Sure that's great, not particularly helpful to the masses who misunderstand the tool. I worked as a network engineer for a decade receiving bunk MTR reports where people freak out because they're seeing "packet loss" which was inexistent on the data forwarding plane (you know the one that actually matters).
> MTR imho is giving you much more insight into the network than traceroute or ping separately. It doesn't resolve the usual firewall/rate limiting artifacts, but gives you way more information about paths if you know how to interpret them.
Time shouldn't be wasted measuring the control path and then investigating to confirm it is the control path and not data path. You cannot make these mistakes using traceroute and ping separately because traceroute doesn't have a notion of a "per-hop" loss indicator and ping doesn't involve intermediate hops (unless an intermediate hop generates an ICMP diagnostic for an echo request).
Understanding can be improved. Bunk MTRs are easy to spot. You tell them this is not an issue because .... . Than they will learn and usually that customer will stop sending you bunk MTRs.
I'm pretty sure that the people that are opening tickets with providers/network teams because they have nothing better to do is nearing 0. The fact that they ran an MTR shows that they were doing some troubleshooting and at the end of the day a problem needs to be solved. It may not be on your end but that needs to be investigated but the same would apply for a crappy iperf throughput test. IMHO Any clue/information into where that problem is, is helpful. You may need to filter relevant from irrelevant.
But if I get to pick one out of 2 problems, one has a crappy iperf results, the other has an MTR that has a loss that carries over, I would probably pick the second because that at least gives me indication on whereabouts should I start looking.
> Time shouldn't be wasted measuring the control path and then investigating to confirm it is the control path and not data path. You cannot make these mistakes using traceroute and ping separately because traceroute doesn't have a notion of a "per-hop" loss indicator.

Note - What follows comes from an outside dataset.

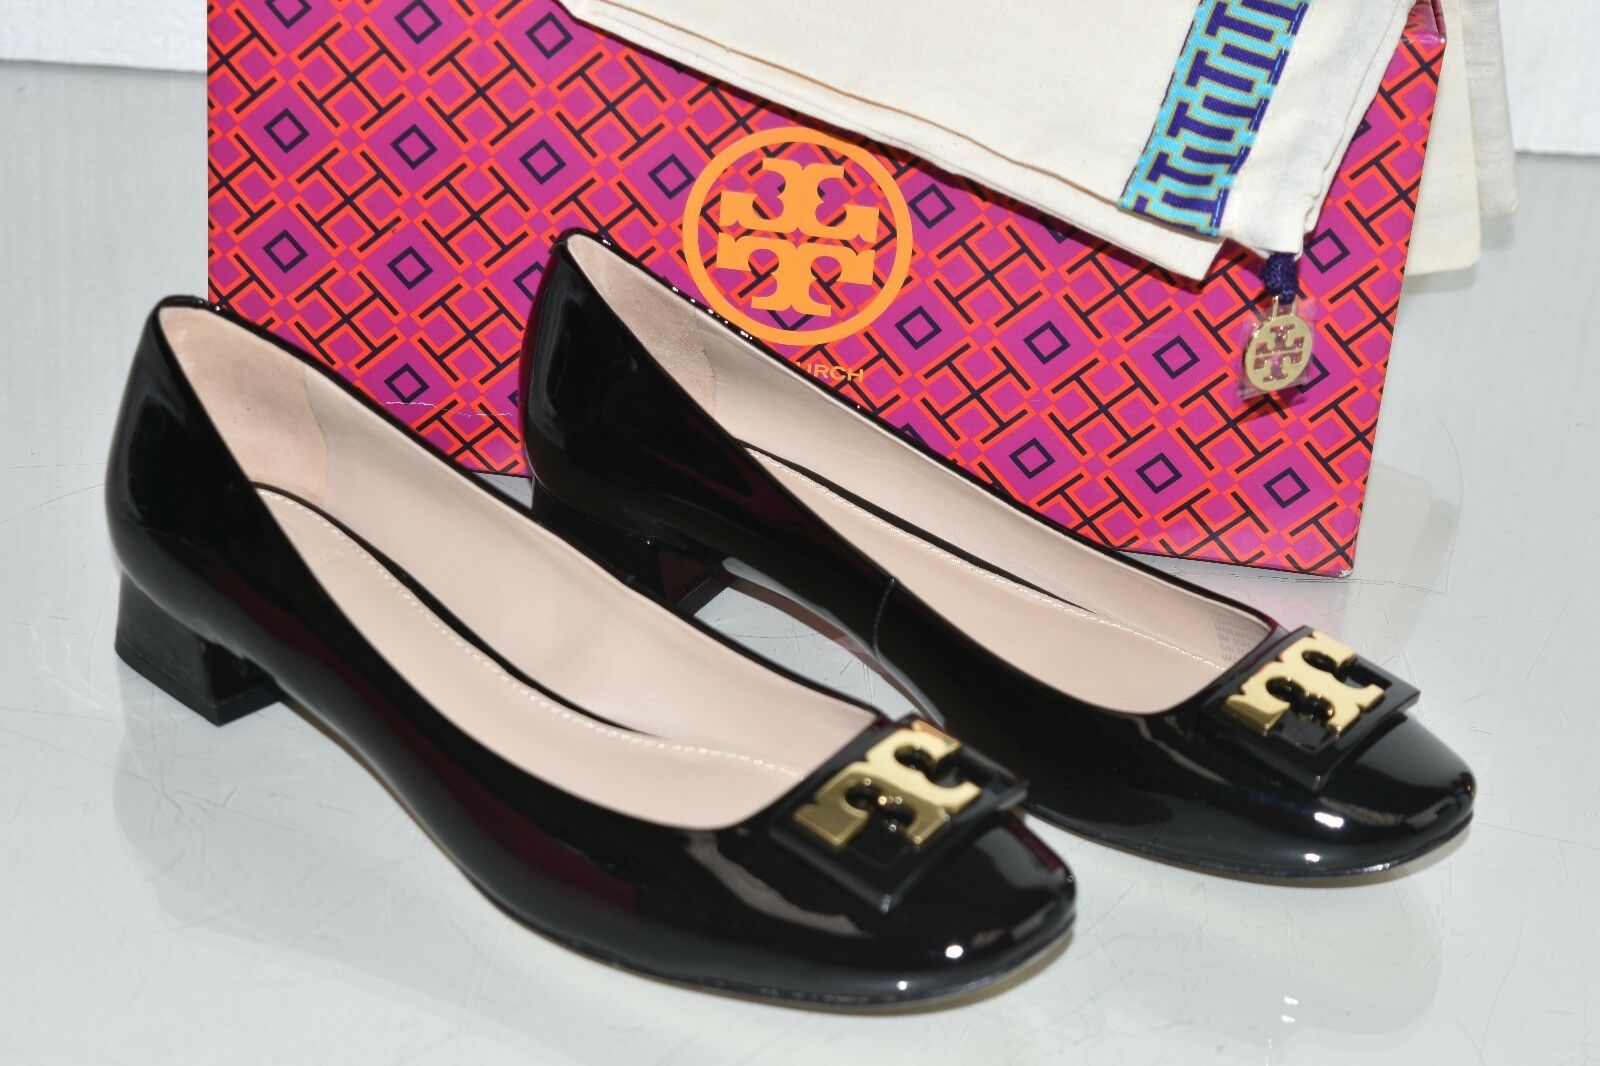 Nuevas bombas de Tory Burch Gigi Gigi Gigi Suave Charol Negro oro Logo Flats zapatos 8 9.5  venta con descuento

traceroute does have per-hop indicator, it's the * in the output, it's just so often off that nobody pays much attention. You can't really catch issues that are related to route-flaps or reroutes with traceroute. with MTRs it becomes pretty clear if a reroute happens in the middle of your test. I guess you can keep running traceroute but I will leave it to you to sift through the output of that nightmare and than it effectively became MTR, with worse output.
There are also many options available in MTR that is not there in traceroute (to trigger these packets by tcp or udp packets), fix local or remote port etc. Even if you just run it with 3 packets per hop, you will have way more options. You don't have to use it as a continuous monitor to indicate packetloss but can give you the traceroute level information in a much cleaner format and you have more options to choose from.
> ping doesn't involve intermediate hops (unless an intermediate hop generates an ICMP diagnostic for an echo request).
ICMP echo requests and replys can be subject to different QoS treatment as TCP/UDP traffic, so that also doesn't necessarily gives you the right idea when testing for end to end connectivity issue. Iperf imho is the best bet, and if you want to be really accurate you pick the src/dst port for client/server just to be sure you get into the same Class as your problematic traffic.
As a sidenote MTR packets are also ride the data-plane until they reach the TTL=1.
https://www.youtube.com/watch?v=L0RUI5kHzEQ
I will go for the tool because it is the only one that warns about such a problem.